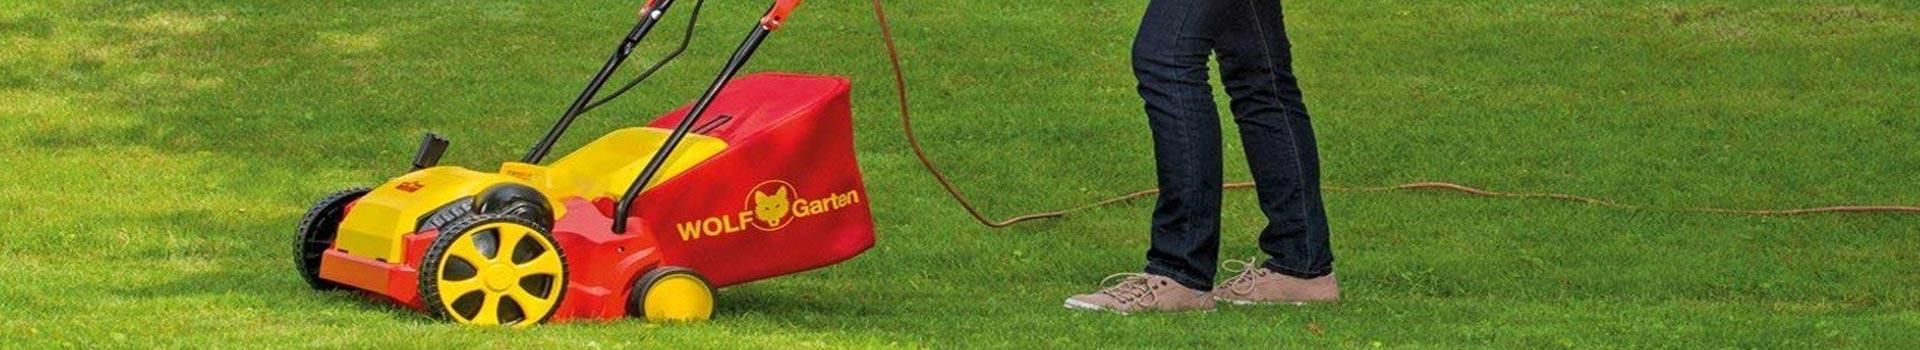 Prodotti per il giardinaggio
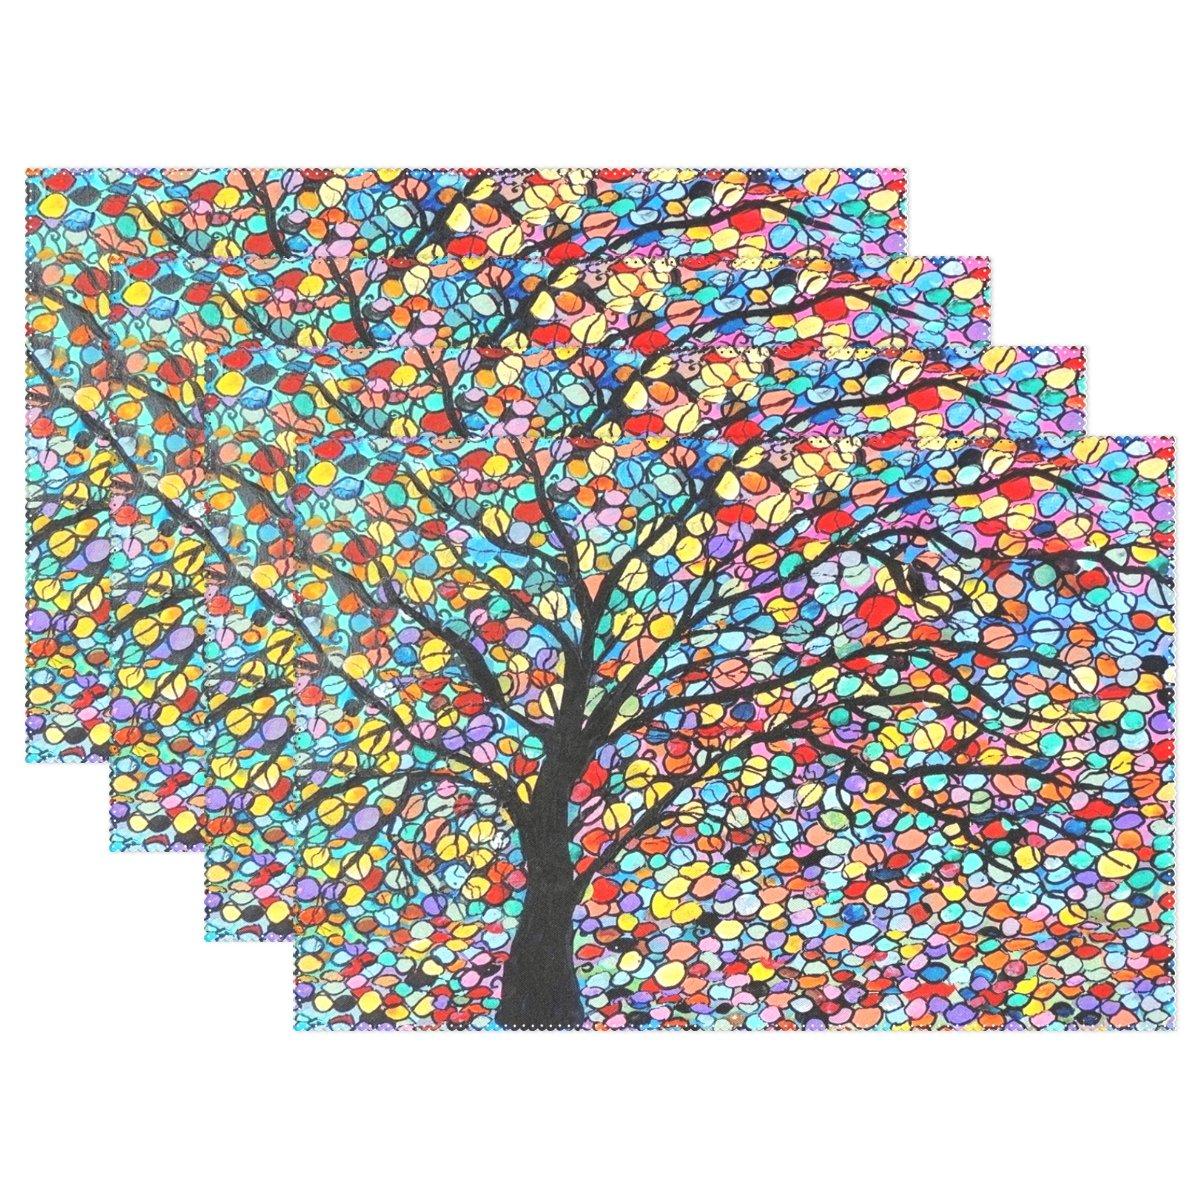 yochoice Art Oil Painting Colorful Tree of Life Nature Treesプレースマットプレートホルダーのセット1、スタイリッシュなポリエステルテーブルの配置マットプロテクターキッチンダイニングルーム12
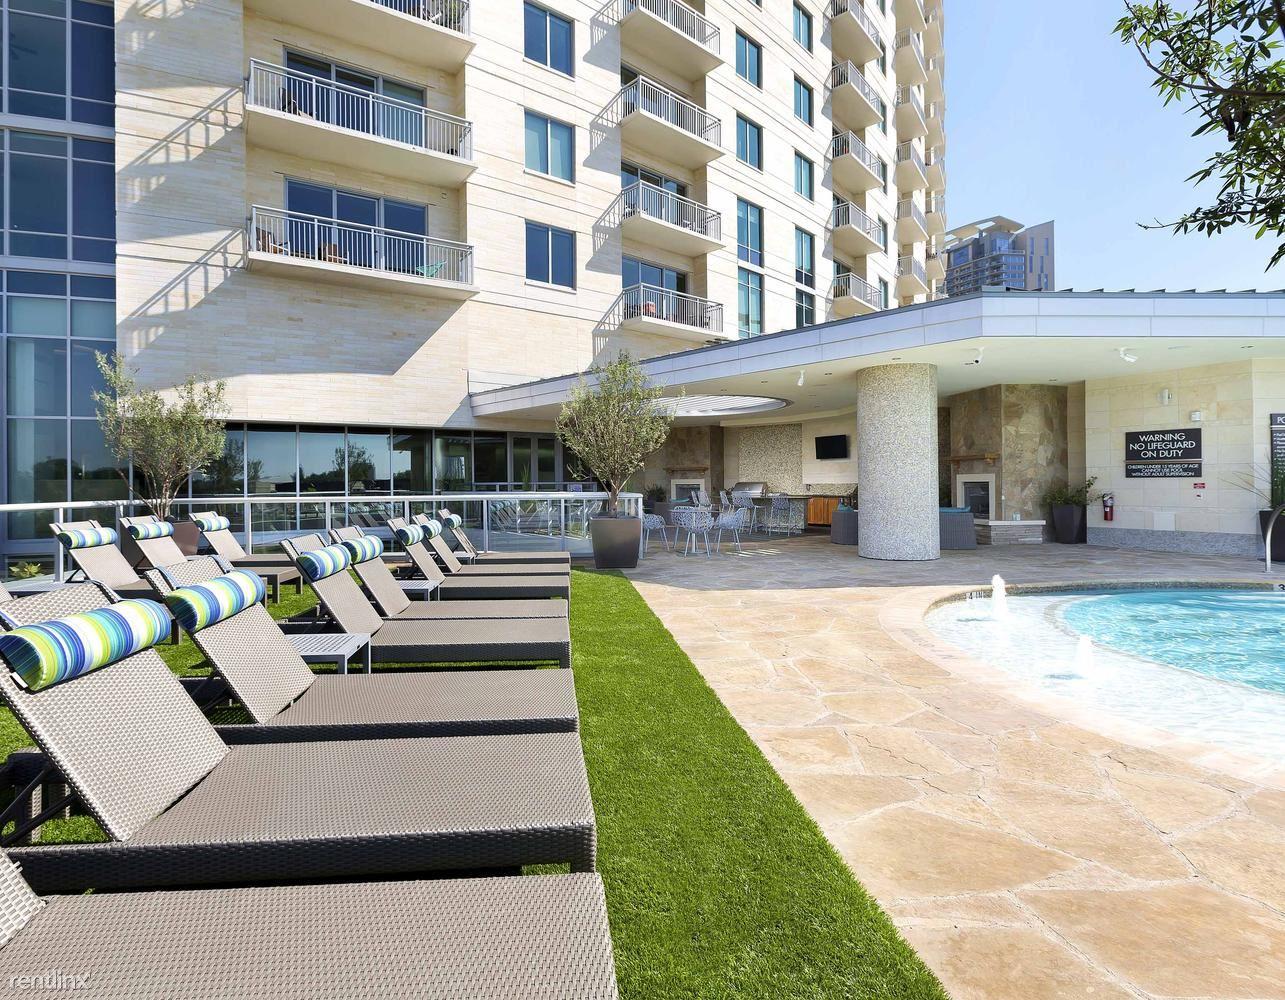 Downtown/Cesar Chavez - 78701, Austin, TX - $4,330

◆ ◆ ◆ ◆ ◆ ◆ ◆

WORK TO BE COMPLETED: Could you reproduce all of the data above exactly and skip any image?

SOLVED PROBLEM:
 Prodotti per il giardinaggio
 yochoice Art Oil Painting Colorful Tree of Life Nature Treesプレースマットプレートホルダーのセット1、スタイリッシュなポリエステルテーブルの配置マットプロテクターキッチンダイニングルーム12
 Downtown/Cesar Chavez - 78701, Austin, TX - $4,330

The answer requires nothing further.